▶ PROVIDED DATA
=======

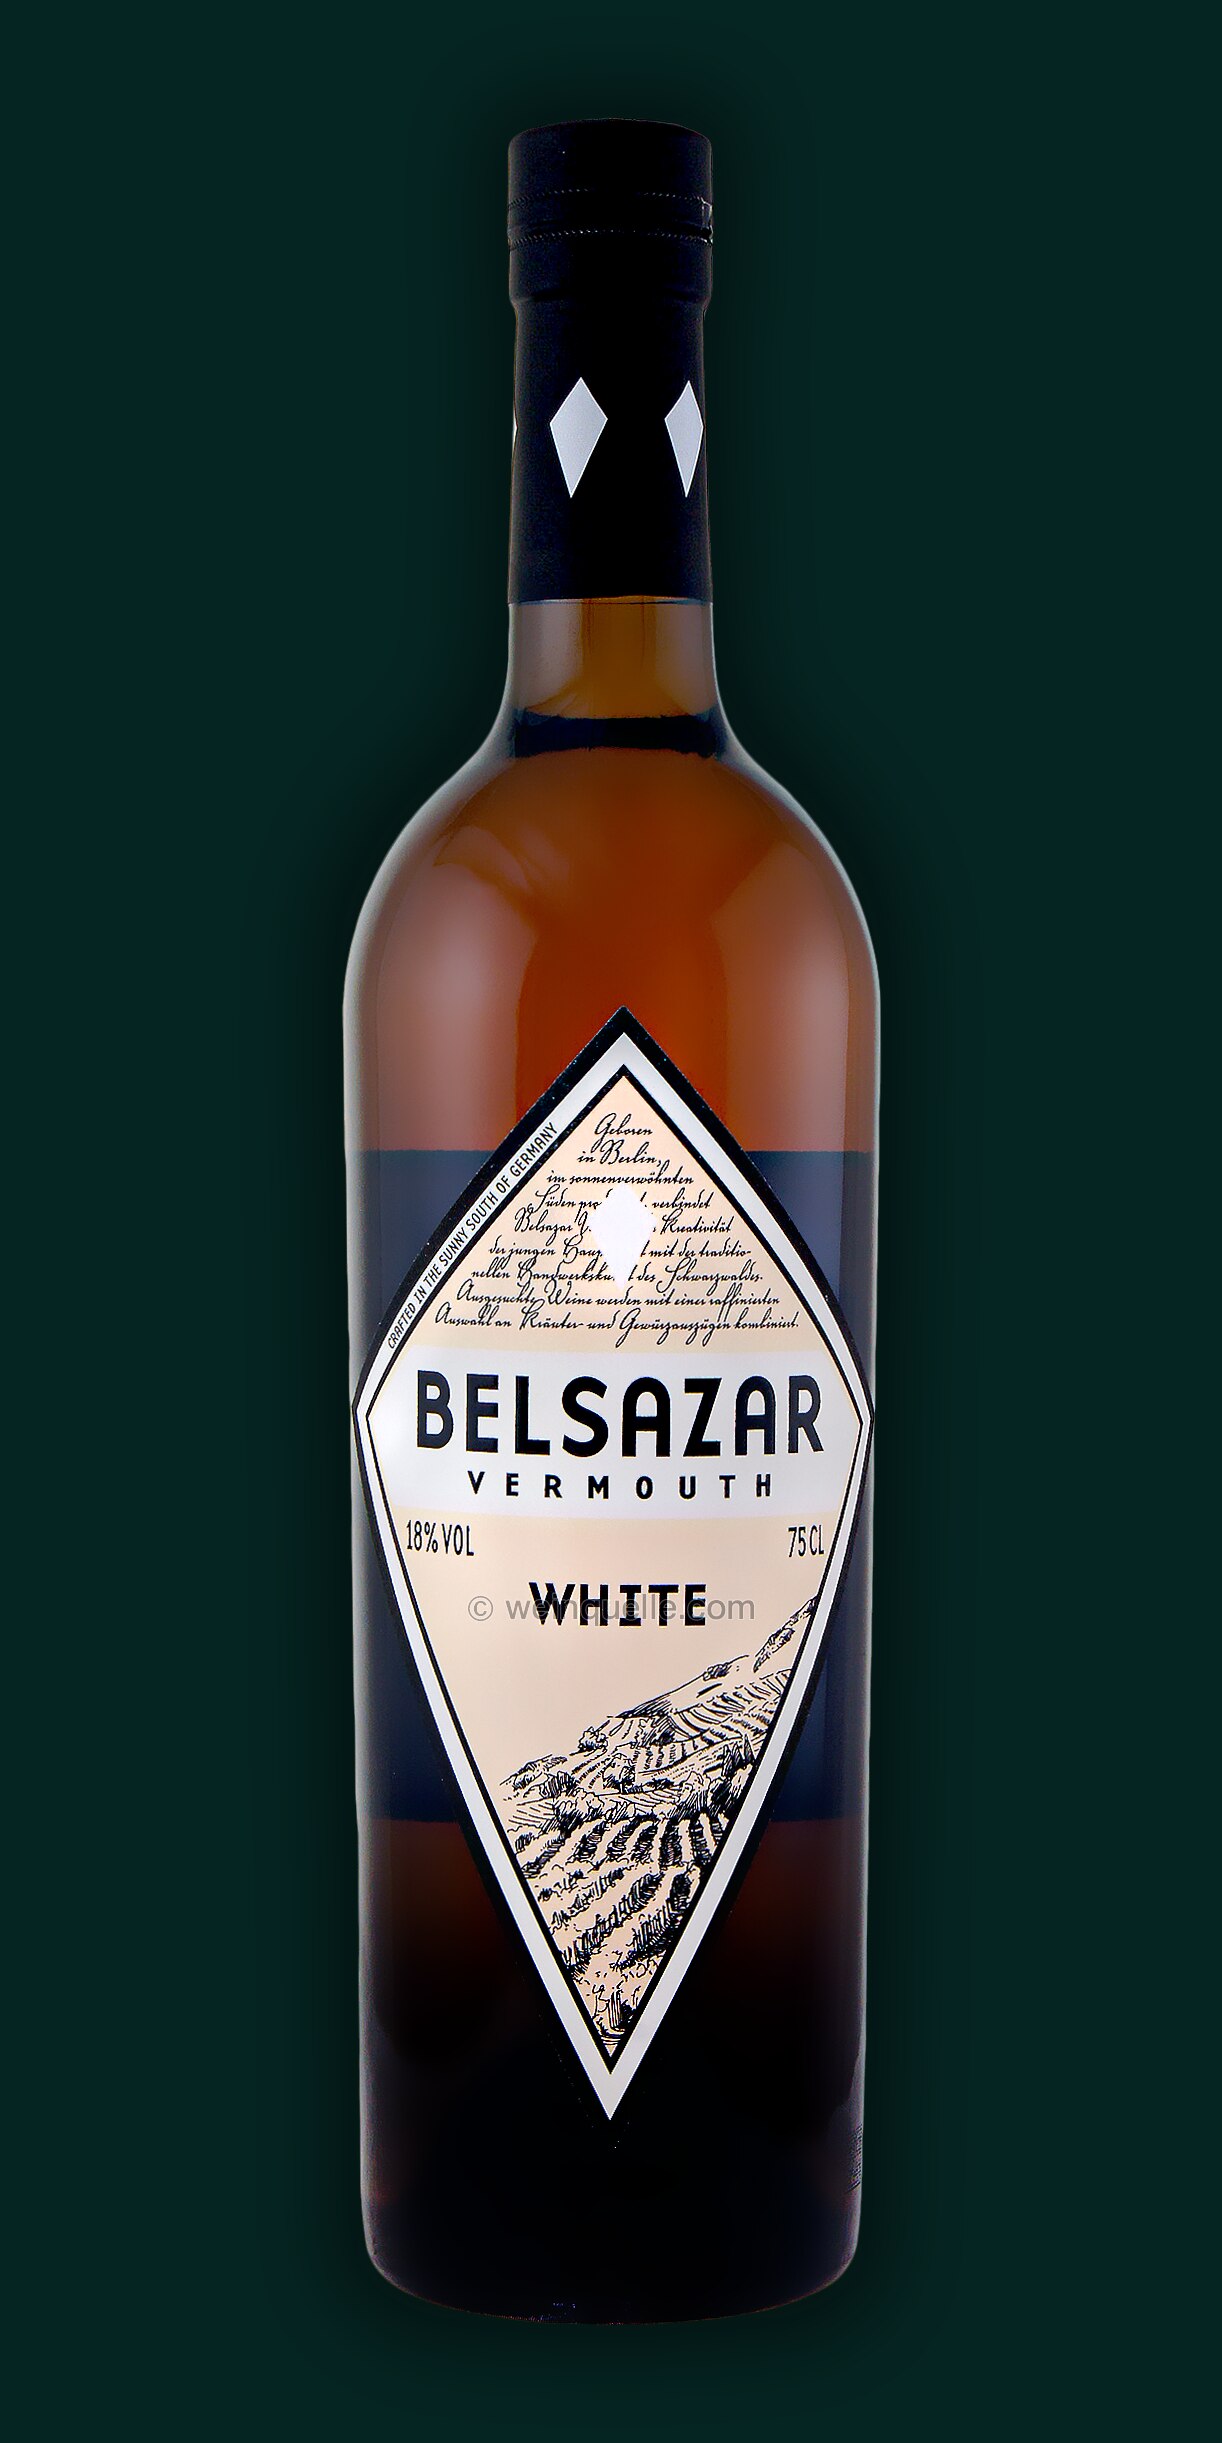 Belsazar Vermouth White 18,50 Lühmann € 0,75 Liter, Weinquelle 
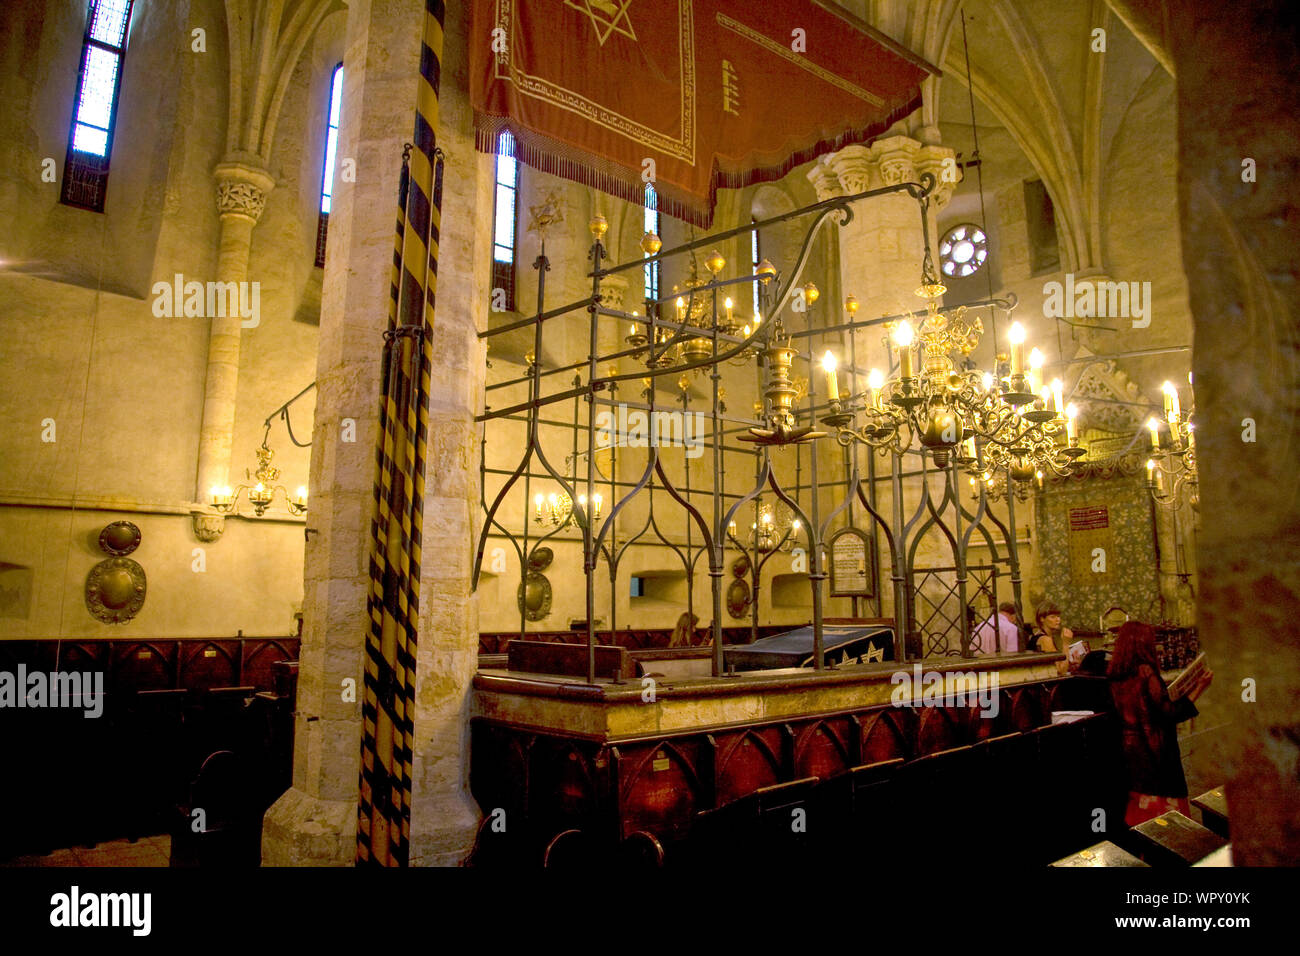 L'interno del XIII secolo Sinagoga Vecchia-Nuova l'Europa è il lavoro più antica sinagoga. Praga Repubblica Ceca. Foto Stock
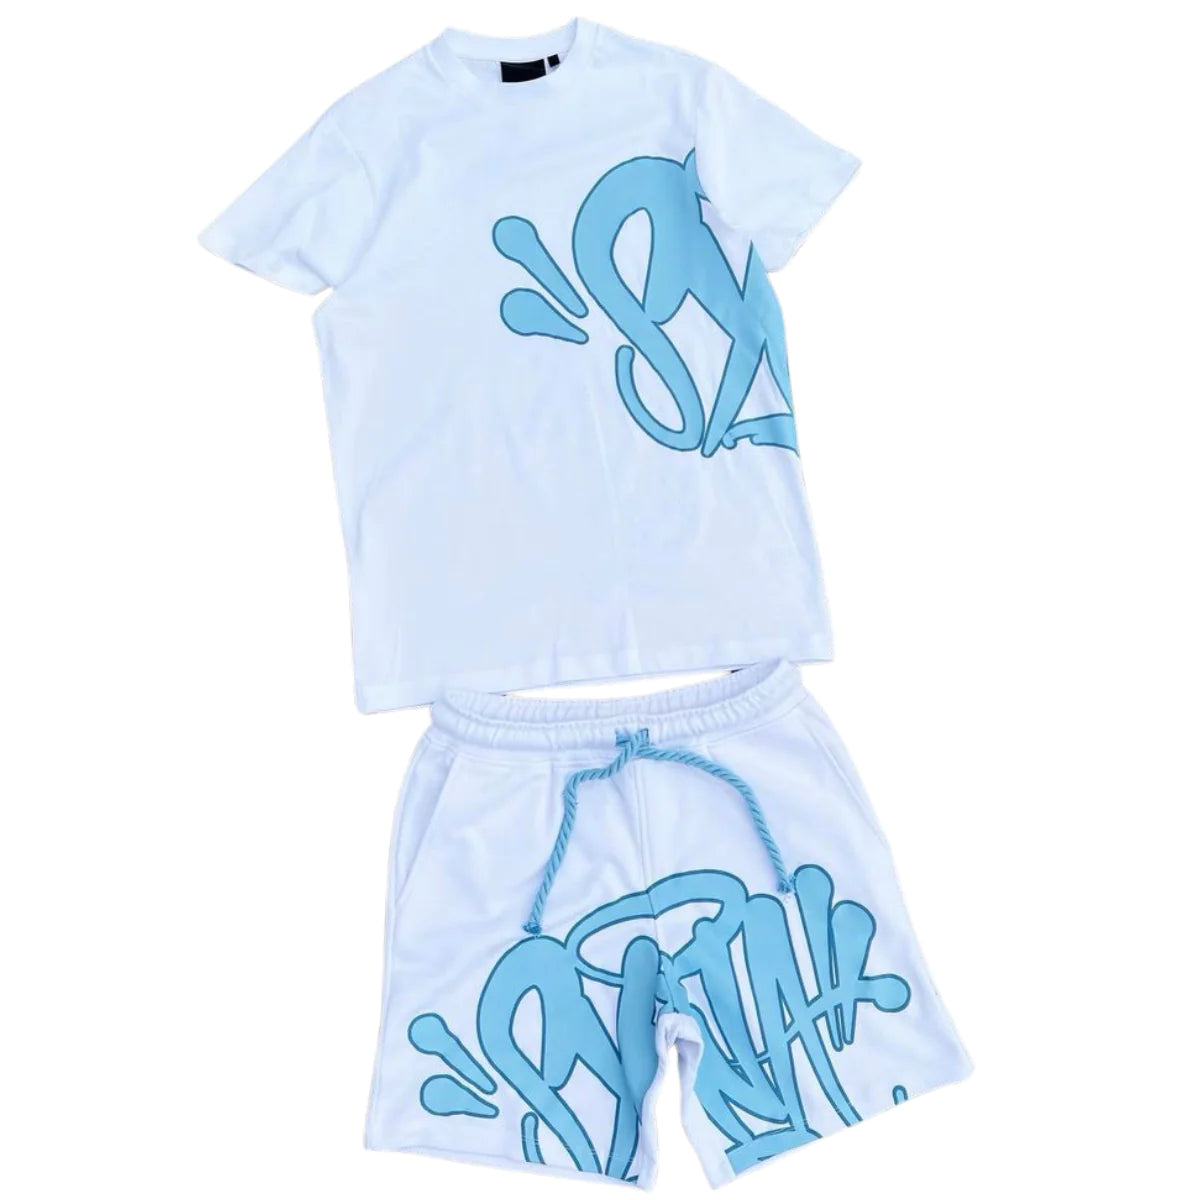 Syna World Logo Tee & Short Set 'White Blue' (Australia Exclusive)

=======

▶ AIM OF THE EXERCISE
Please set the data above down exactly, with the pictures removed.

▶ EXERCISE RESULT
 Belsazar Vermouth White 18,50 Lühmann € 0,75 Liter, Weinquelle 
 L'interno del XIII secolo Sinagoga Vecchia-Nuova l'Europa è il lavoro più antica sinagoga. Praga Repubblica Ceca. Foto Stock
 Syna World Logo Tee & Short Set 'White Blue' (Australia Exclusive)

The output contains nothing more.